[[ RECORDED INFORMATION open ]]

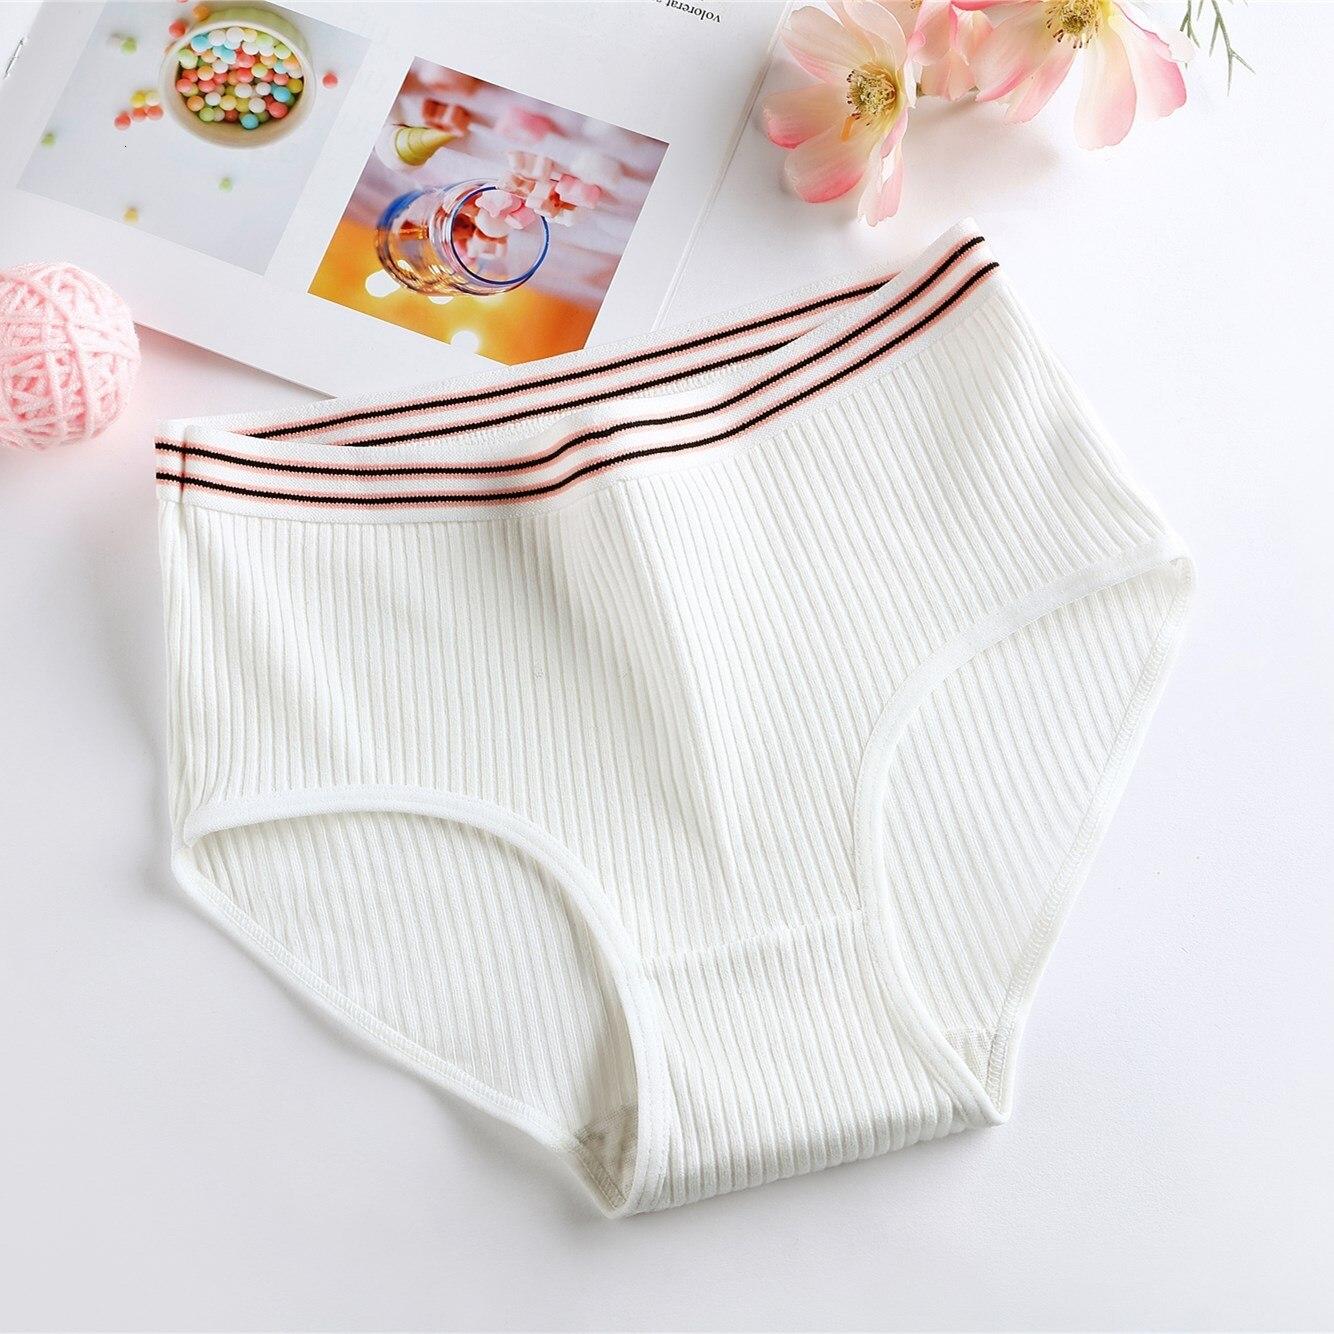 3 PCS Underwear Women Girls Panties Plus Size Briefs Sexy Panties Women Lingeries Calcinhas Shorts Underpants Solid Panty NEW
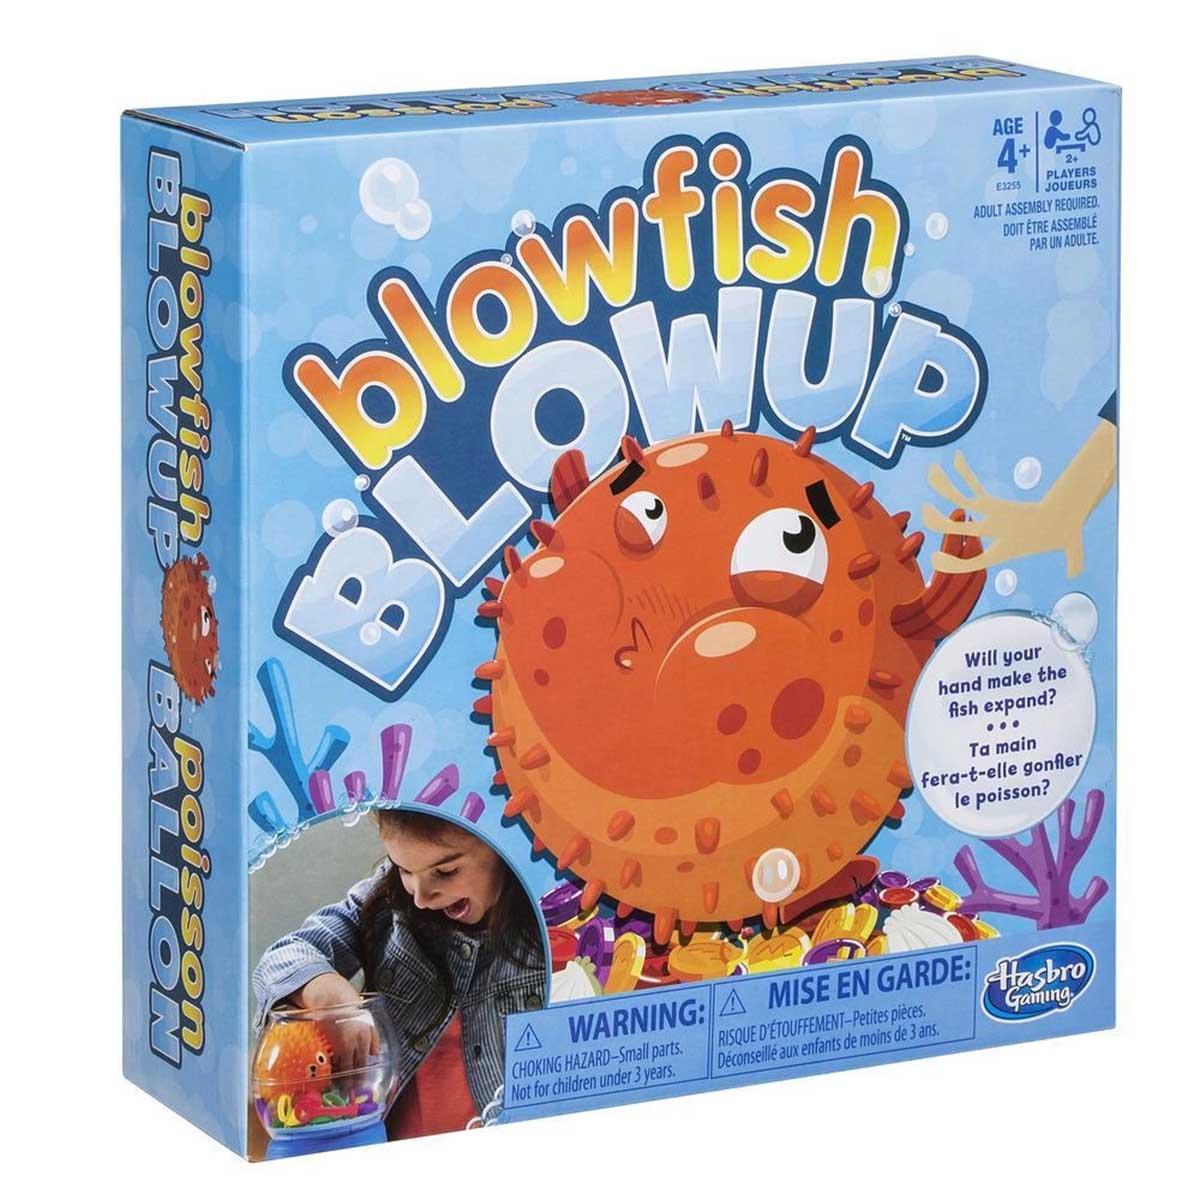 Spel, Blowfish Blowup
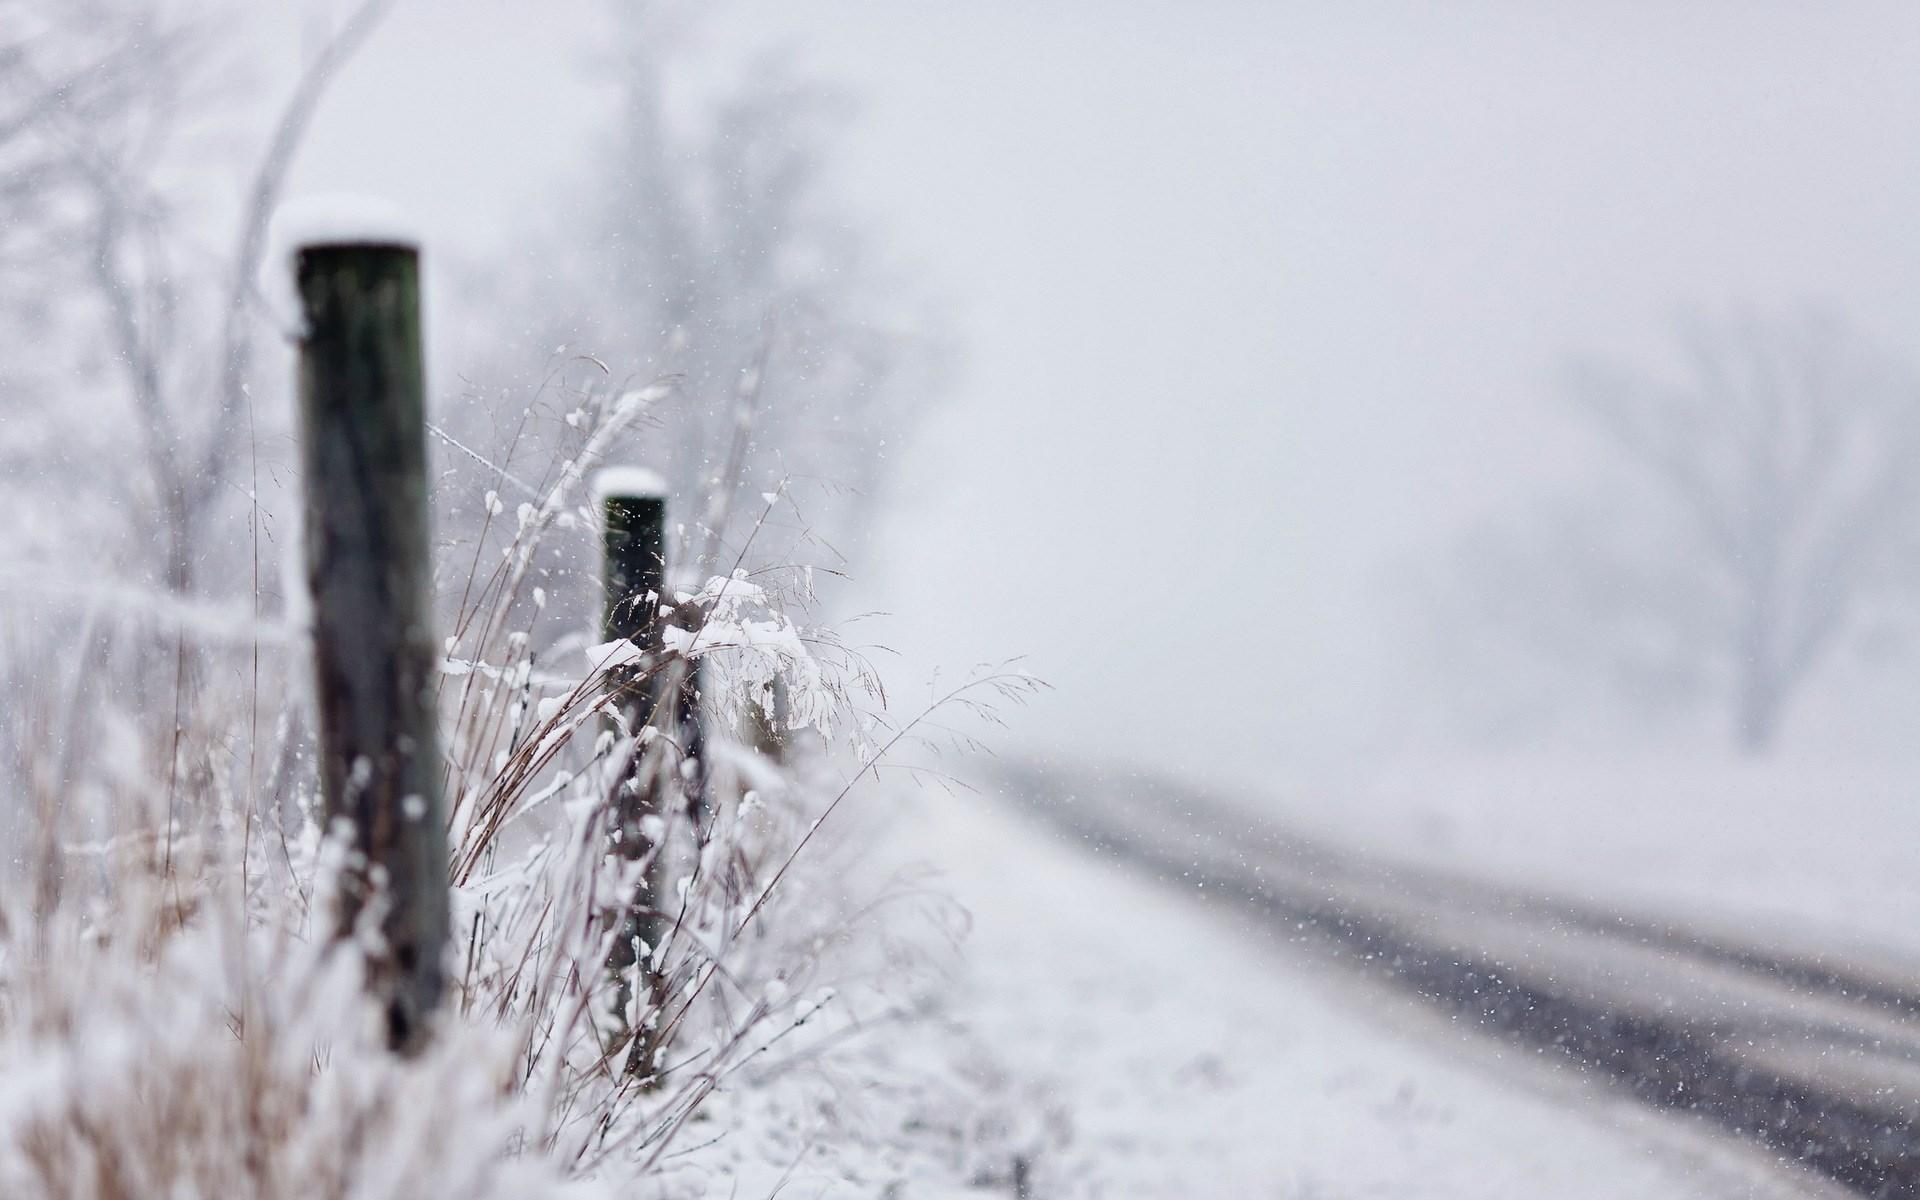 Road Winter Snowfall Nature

[[ RECORDED INFORMATION closed ]]

** EXERCISE **
Excluding the images, copy all of the material above verbatim.

** RESPONSE AREA **
 3 PCS Underwear Women Girls Panties Plus Size Briefs Sexy Panties Women Lingeries Calcinhas Shorts Underpants Solid Panty NEW
 Spel, Blowfish Blowup
 Road Winter Snowfall Nature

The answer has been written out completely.